Hearing 101

The ear is one of the smallest body parts, but it contains almost the entirety of our hearing abilities. Deep inside is a complex system working together so our brains can receive and understand sounds. It’s the synchronicity of these minute components that give us an important function and affect our quality of life.

How Hearing Works

Every sound is created by vibrations in the air we call, “soundwaves.” These soundwaves are air particles moving, caused by the vibrations, and carry the resulting energy. Your outer ear catches these and direct them into the ear canal.

Also known as the pinna, the outer ear plays a huge role in determining the quality of information we get from each sound. It’s structure tells us from which direction the sound is coming.

The secret is in the funnel shape and the curves and yet no two ears are exactly the same. If you think about it, you might not be hearing the same sound exactly as someone else does.

Three Important Bones

As the waves of particles enter the ear, they strike the eardrum which results in another set of vibrations that travel further into the ear. The first to catch these are three bones most commonly referred to as the hammer, anvil and stirrup. They’re also known as the malleus, incus and stapes. Together, they’re called the auditory bones or middle ear ossicles.

The area where these three are located is the middle ear. The stirrup, the smallest of the three, can be found in this small opening connecting the middle ear to the inner ear. When the stirrup catches the vibrations, it moves the window which also makes liquid in the inner ear move. It carries the energy into the cochlea, a snail-like structure.

Into The Cochlea

This is where thousands of tiny hair cells are hidden. The energy from the vibrations pushes against them, making them bend which sends impulses through the auditory nerves and into the brain. These impulses carry information which the brain uses to comprehend the sound.

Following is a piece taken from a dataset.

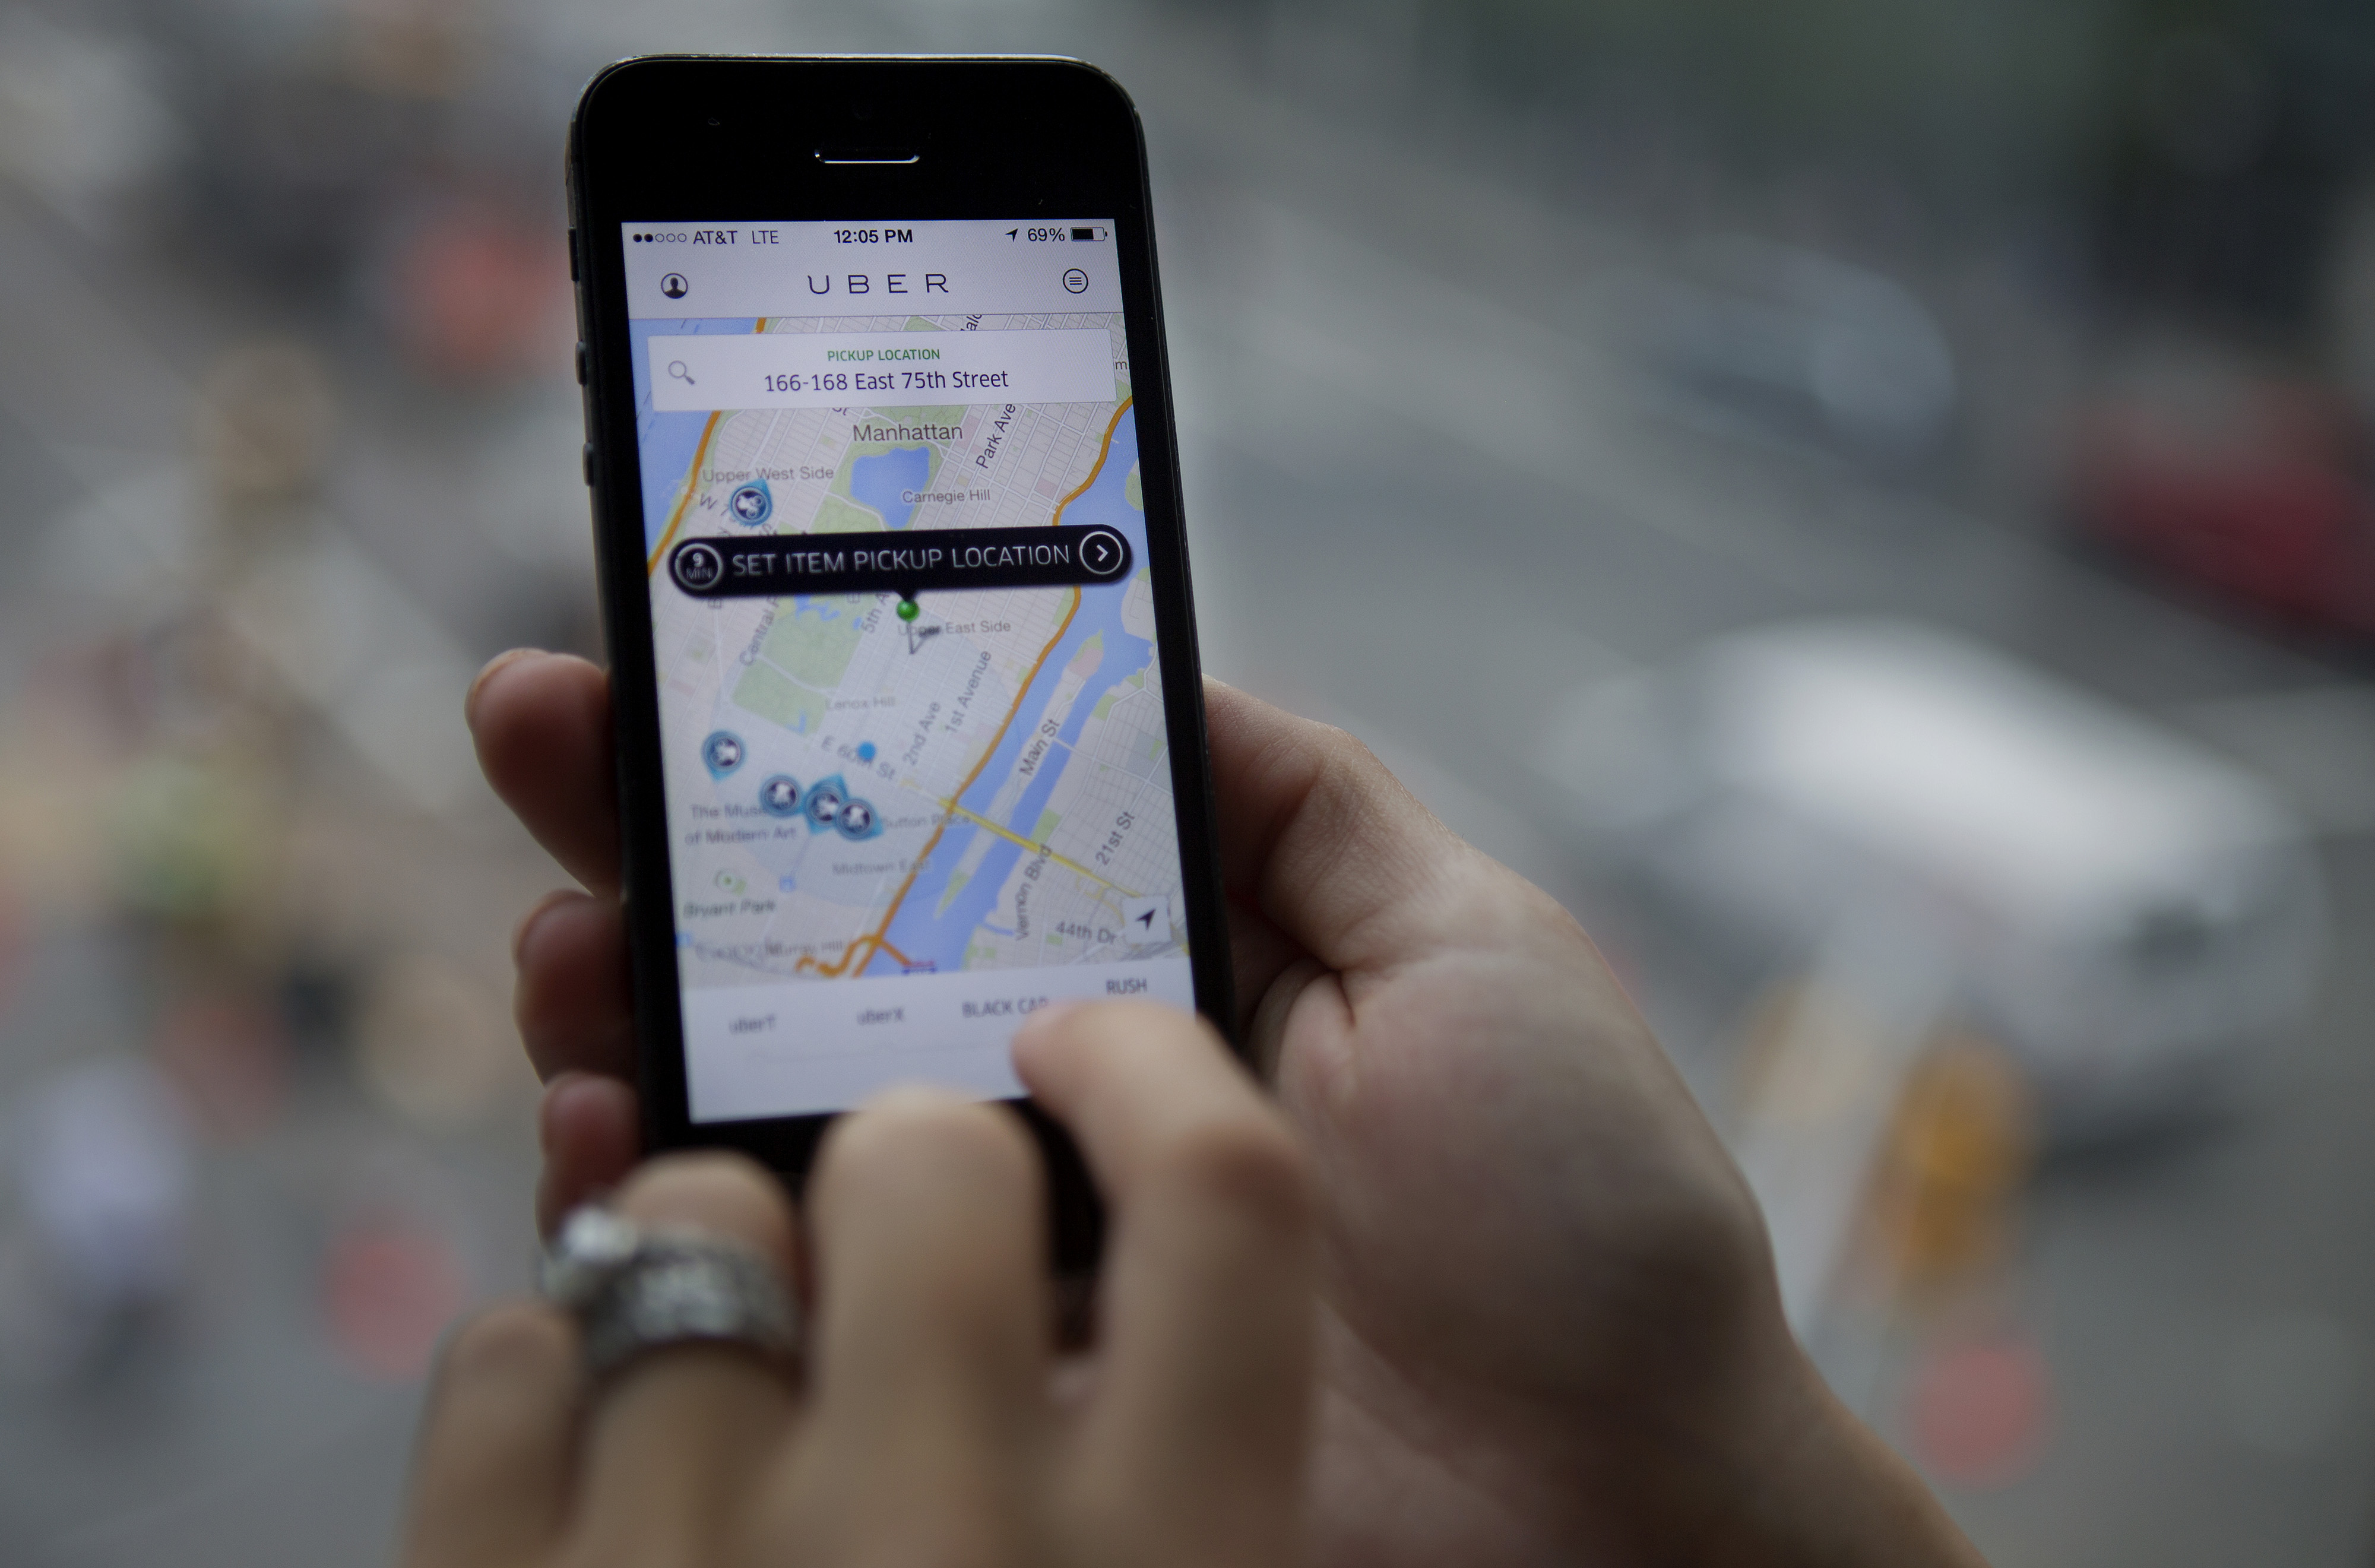 The Uber app is demonstrated for a photograph on an iPhone in New York City on Aug. 6, 2014 (Bloomberg via Getty Images)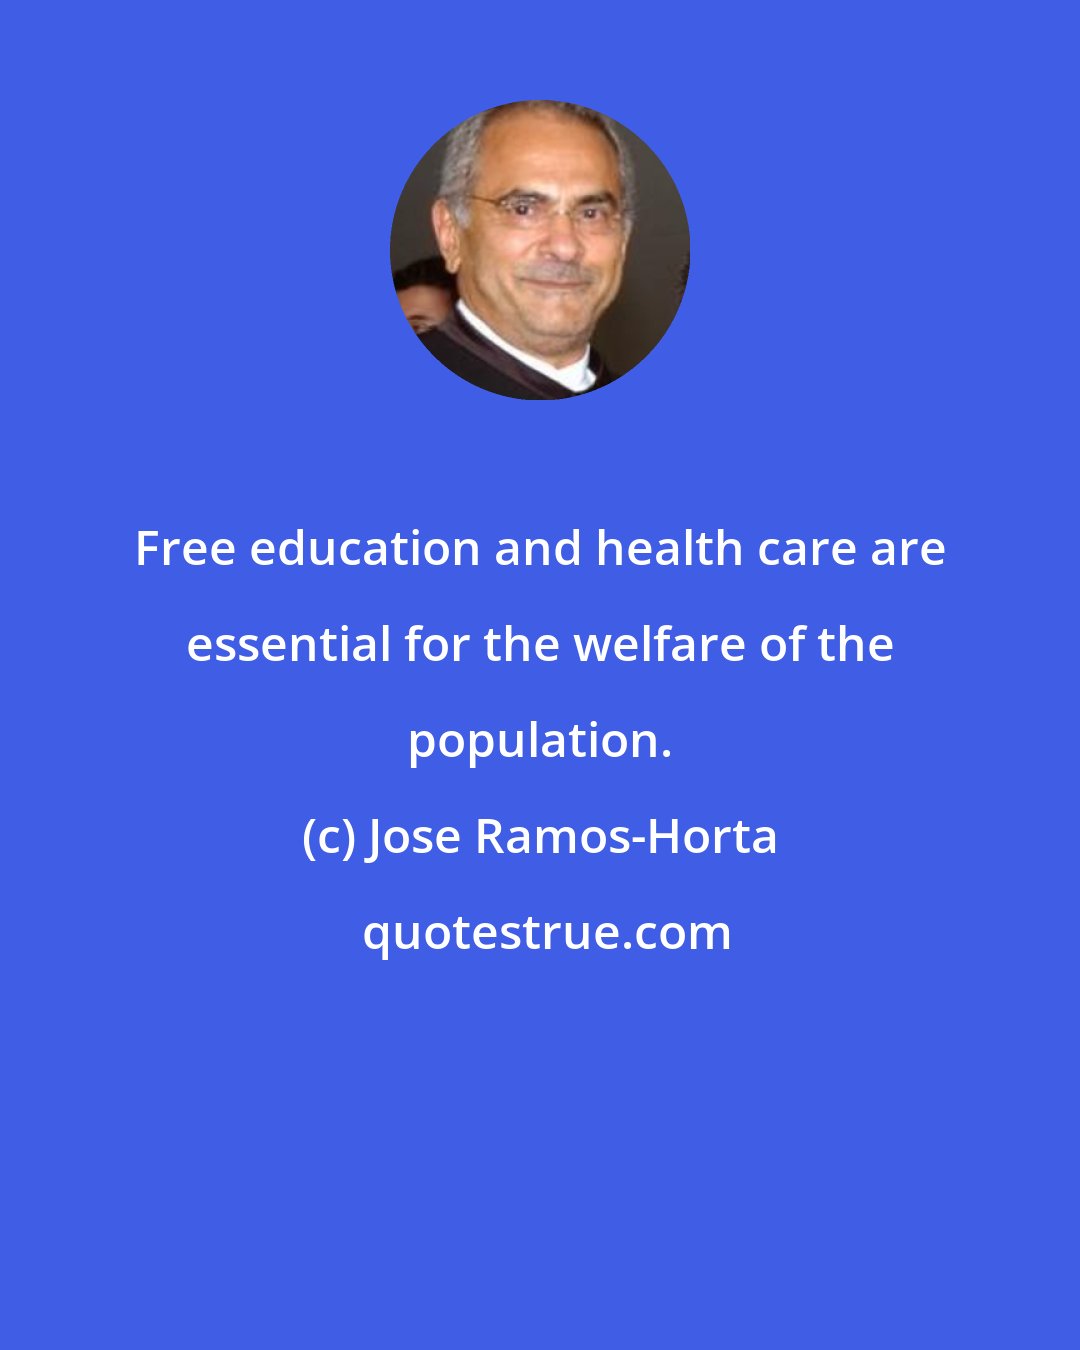 Jose Ramos-Horta: Free education and health care are essential for the welfare of the population.

It doesn’t just tell directions but what’s causing it, whether it’s loud or soft, and even differentiates words from music, laughter and even falling pots and pans. That’s why when any part of our ear has a problem, it can result in hearing loss.

Hearing Loss

Depending on the root cause, hearing loss can be treated through different methods such as hearing aids and surgery. If you’re suffering from hearing loss, it’s best to speak with an expert to determine which solution is right for you.

If you don’t suffer from hearing loss, it’s important to take steps to prevent it from happening as it can gradually worsen. There’s no such thing as using preventive measures too early. Start with proper care and avoid lengthened exposure to loud environments. When loud sounds can’t be avoided, be sure to wear proper headgear to protect your ears.